Oncopeptides opts to abandon Type II variation process for Pepaxti to optimize patient and shareholder value
Stockholm – September 28, 2023 – Oncopeptides AB (publ), a biotech company focused on difficult-to-treat cancers, today announces its decision to opt to abandon the application process to allow Pepaxti access to earlier lines of treatment for patients with relapsed, refractory multiple myeloma (RRMM), a so-called type II variation. The decision follows an updated, comprehensive analysis of the current landscape for treatment of multiple myeloma and is made to optimize value for both patients and shareholders. The decision does not impact the company´s financial projections or the estimated market potential of Pepaxti negatively.
In its analysis, Oncopeptides has concluded that the highest value for both patients and shareholders lies in the current indication, due to a high unmet medical need, a fair price reflecting the innovation of Pepaxti and fewer alternative treatments.
The company assesses that this decision does not negatively affect the previously communicated market potential for Pepaxti in Europe (i.e. >1.5 billion SEK), or when the company can expect to be cash flow positive (i.e. before end of 2026).
“While we have strong scientific support and are pleased with the clinical benefit/risk profile, confirmed by the recent positive opinion from the CHMP, our assessment is that we would serve patients best if the drug remained within its current indication where the unmet medical need remains high and the number of patients is increasing,” says Sofia Heigis, CEO of Oncopeptides. “The European treatment landscape already holds a broad range of viable options with a mix of both generic and innovative drugs. To move forward with an extension into earlier lines of treatment before fulfilling the higher unmet need in later lines could mean a new European price level for Pepaxti that does not reflect our innovation and ultimately risk the availability of Pepaxti for all patients and also erode shareholder value. We are convinced that focusing on later lines of treatment in a growing market is in the best interest of both patients and our shareholders.”
For more information, please see the Q&A for investors below as well as a video interview where Sofia Heigis further describes the decision.
What is this?
Oncopeptides has opted to abandon the application process to extend the approval for Pepaxti into earlier lines of treatment to focus on its current indication, as the company believes that is where the highest unmet need and optimal value for patients and the company´s shareholders lie.
What has led to this decision?
On September 14 Oncopeptides received a positive recommendation from the Committee for Medicinal Products for Human Use (CHMP) to allow the extension of Pepaxti into earlier lines of treatment and also peripheral administration, meaning delivery of treatment through peripheral veins.
Ahead of the decision, the company initiated an updated analysis of the rapidly evolving multiple myeloma landscape and the market potential for Pepaxti in different scenarios.
Have you abandoned the process voluntarily or upon EMA’s request?
The decision was solely made by Oncopeptides.
What implications will this have for patients with multiple myeloma?
The potential patient population is larger in earlier lines of therapy. This does not mean, however, that more patients would automatically benefit from Pepaxti being extended into earlier lines of therapy. Our assessment is that the highest value patient of Pepaxti is in later lines of therapy where there is a higher unmet need. While the decision to not extend the indication into earlier lines of treatment means that Oncopeptides will not be able to market the drug to these target groups, doctors are still able to prescribe Pepaxti to any patient they believe would benefit from the drug.
The type II variation submission was based on the OCEAN study, wasn’t the data strong enough?
Yes.
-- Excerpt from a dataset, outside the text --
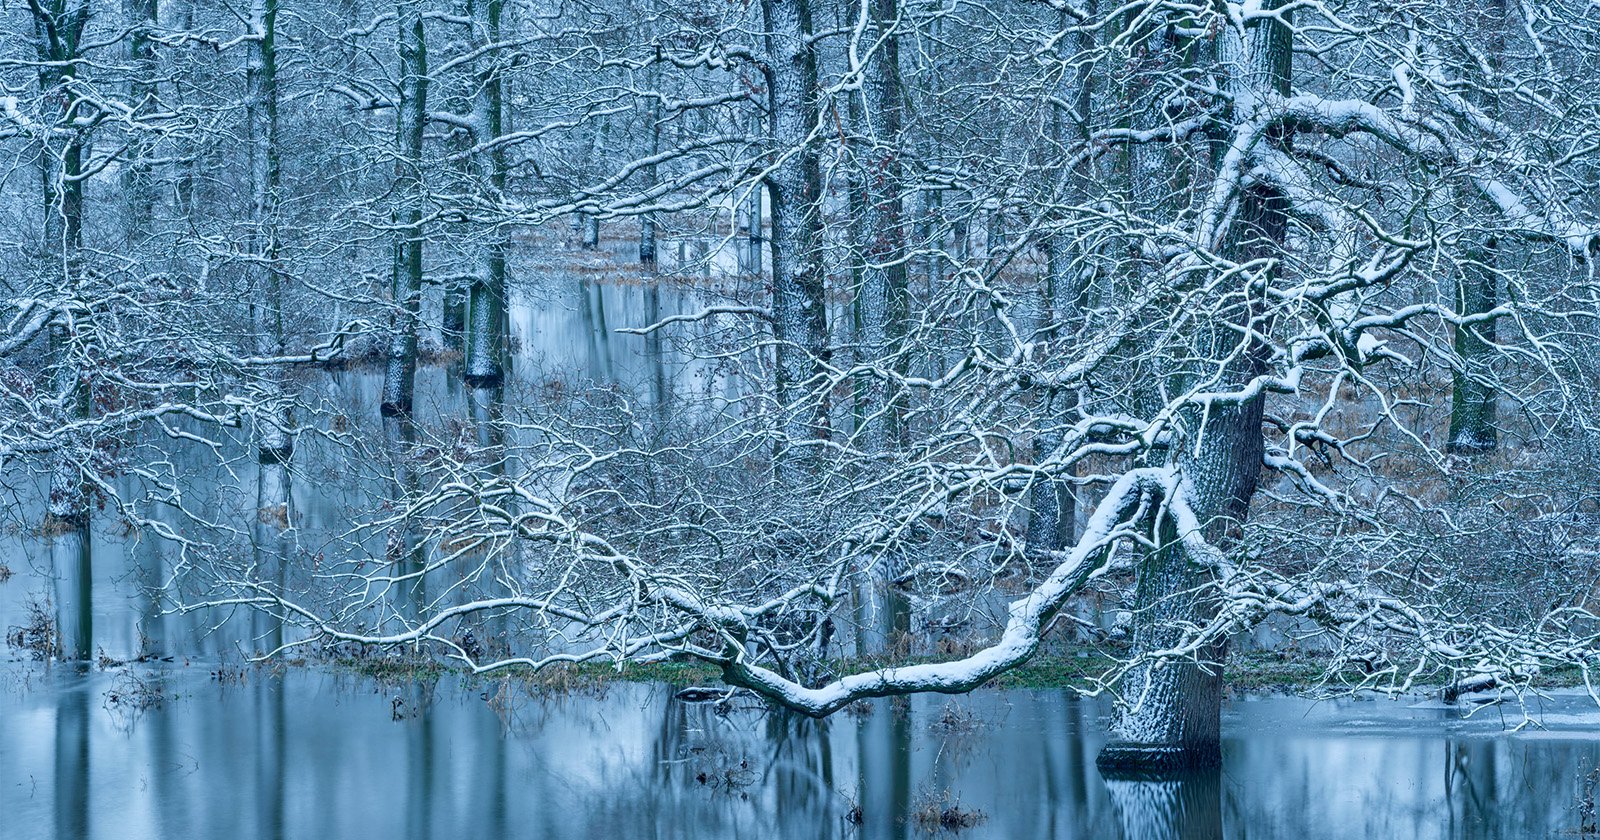 A tranquil winter scene of a forest with snow-covered trees. The bare branches are coated in snow, some dipping into a reflective, partially frozen body of water. The muted blues and whites create a serene and chilly atmosphere.

On September 14, the Committee for Medicinal Products for Human Use (CHMP), part of the European Medicines Agency (EMA), recommended to approve Oncopeptides’ application to allow access to earlier lines of treatment, based on a scientific evaluation of the OCEAN study data.
What impact has the competition in earlier treatment lines had on your decision?
It was an important factor among others as part of a broader analysis of the current multiple myeloma treatment landscape.
What impact will this have on the price in Germany and Europe?
Oncopeptides on September 26 announced it has successfully agreed on a fair reimbursed price that reflects the innovation of Pepaxti in Germany. It´s hard to speculate on what price Pepaxti would have received had it been extended into earlier lines of treatment, but there is a substantial risk that it would have been significantly lower following the renewed price negotiation that would have been triggered.
You have previously stated that the market potential in Europe is partly built on the approval of the type II variation. What impact will this have on the annual market potential?
We have previously communicated (for example in this press release) that a type II variation approval is a part of the market potential for Pepaxti, along with successful price negotiations. Based on an updated analysis of the rapidly changing multiple myeloma landscape, we now believe that the type II variation approval is no longer a necessary factor (the second, a price that reflects the innovation of Pepaxti was recently fulfilled) as we now assess that the highest market potential lies in later lines of treatment where there is a high unmet need and where the price better reflects the innovation of Pepaxti. Therefore, our assessed total market potential remains at the same level as previously communicated, although with a different foundation.
How come you submitted the type II variation application to EMA in the first place?
The submission was made based on an assessment made at the time of the application, when the treatment and payer landscape for multiple myeloma looked different.